What to produce> Leave every picture out and return the rest of the listing verbatim.

Provided material>

[Start of section]

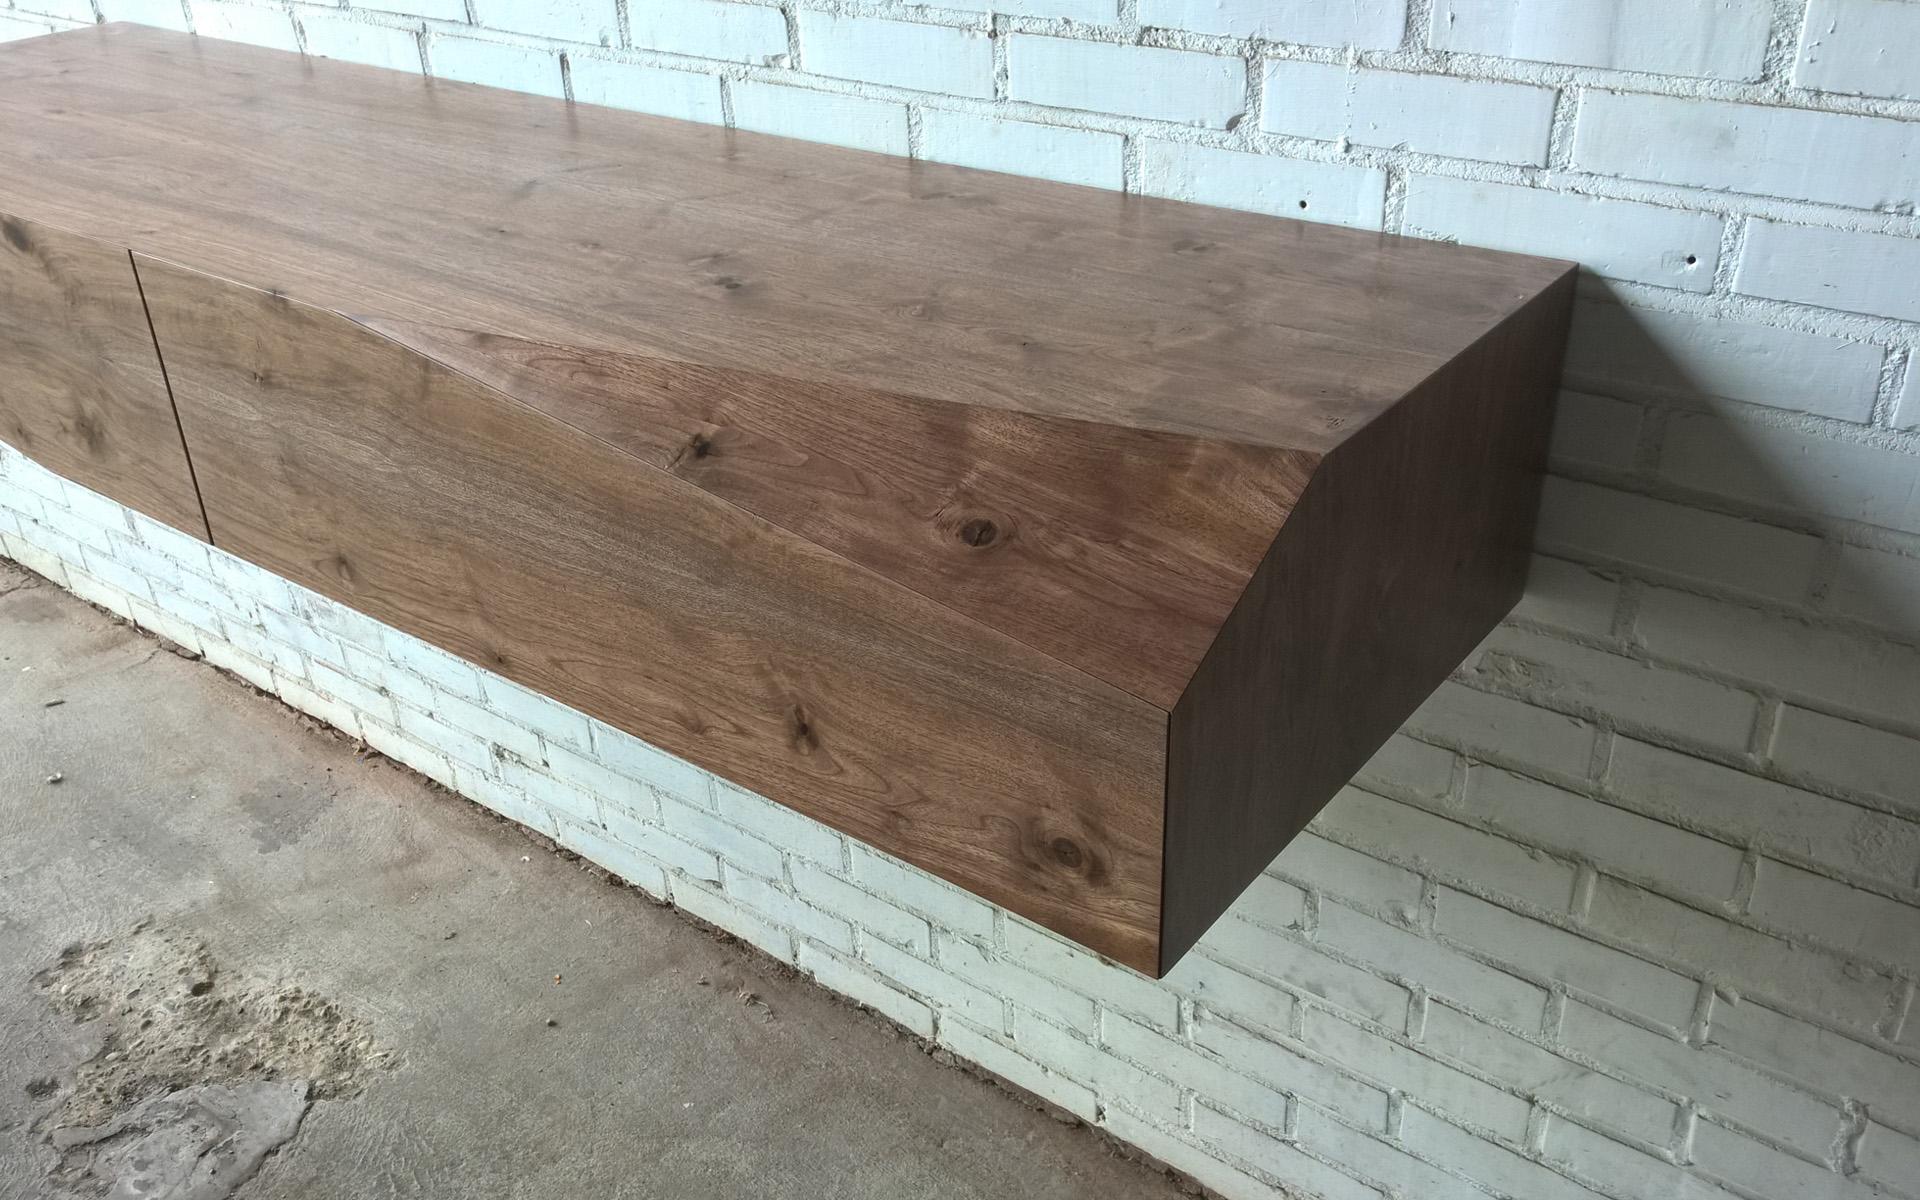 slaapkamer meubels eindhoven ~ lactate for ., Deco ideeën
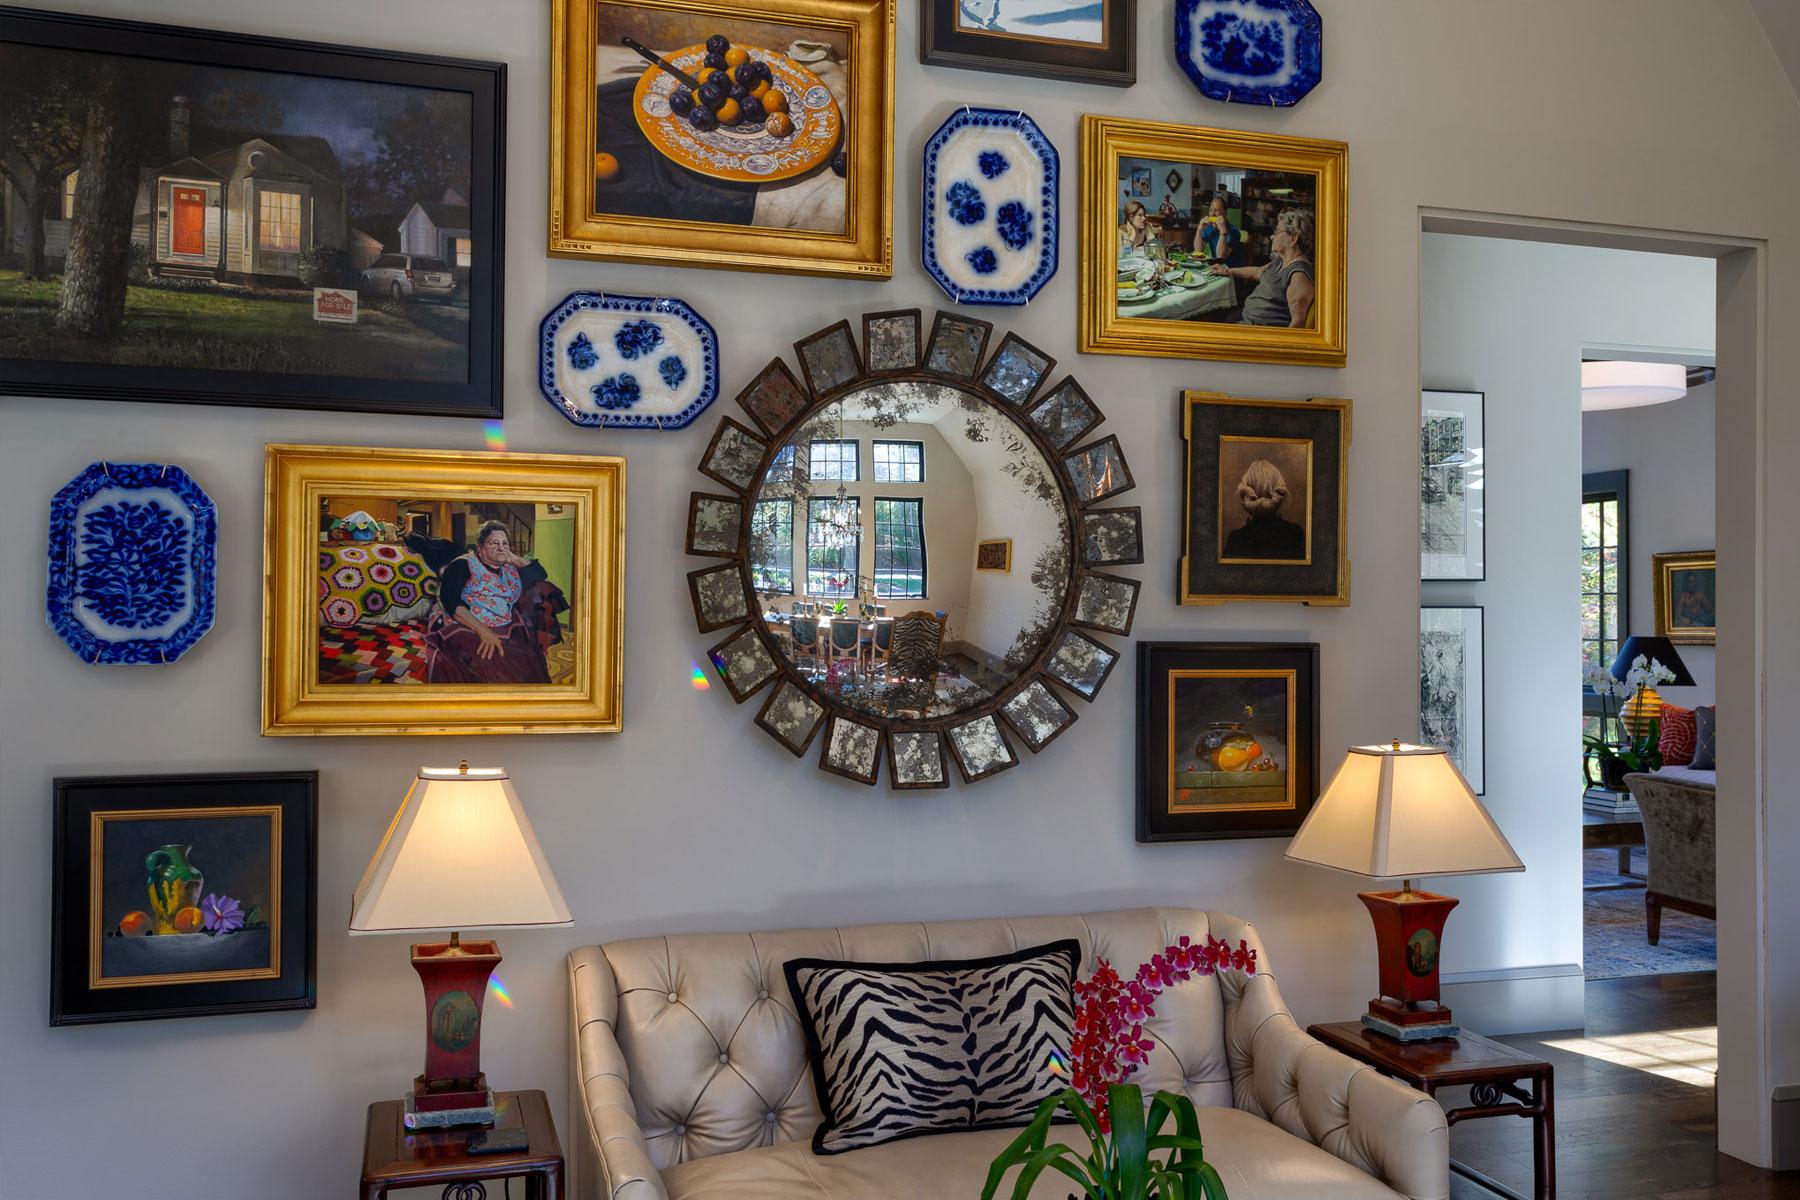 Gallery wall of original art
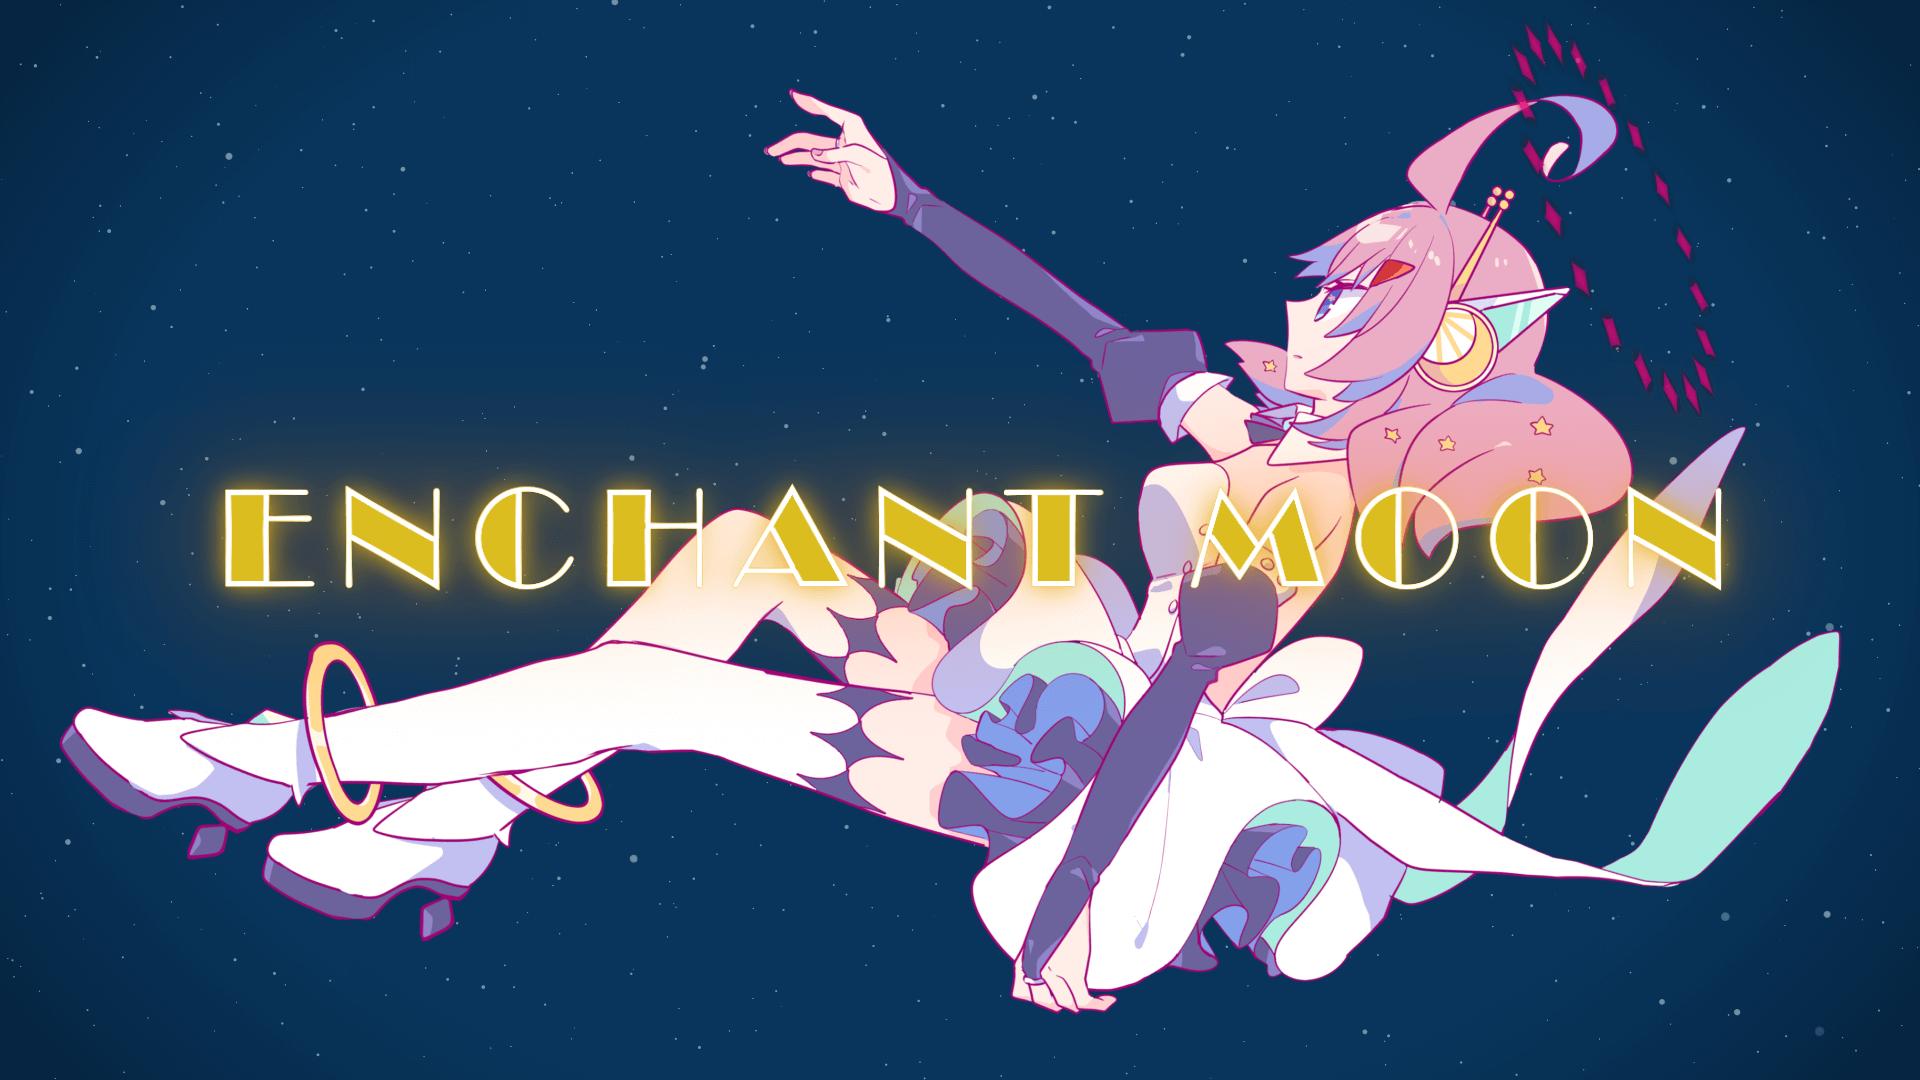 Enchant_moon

[End of section]

Solved problem>
 slaapkamer meubels eindhoven ~ lactate for ., Deco ideeën
 Gallery wall of original art
 Enchant_moon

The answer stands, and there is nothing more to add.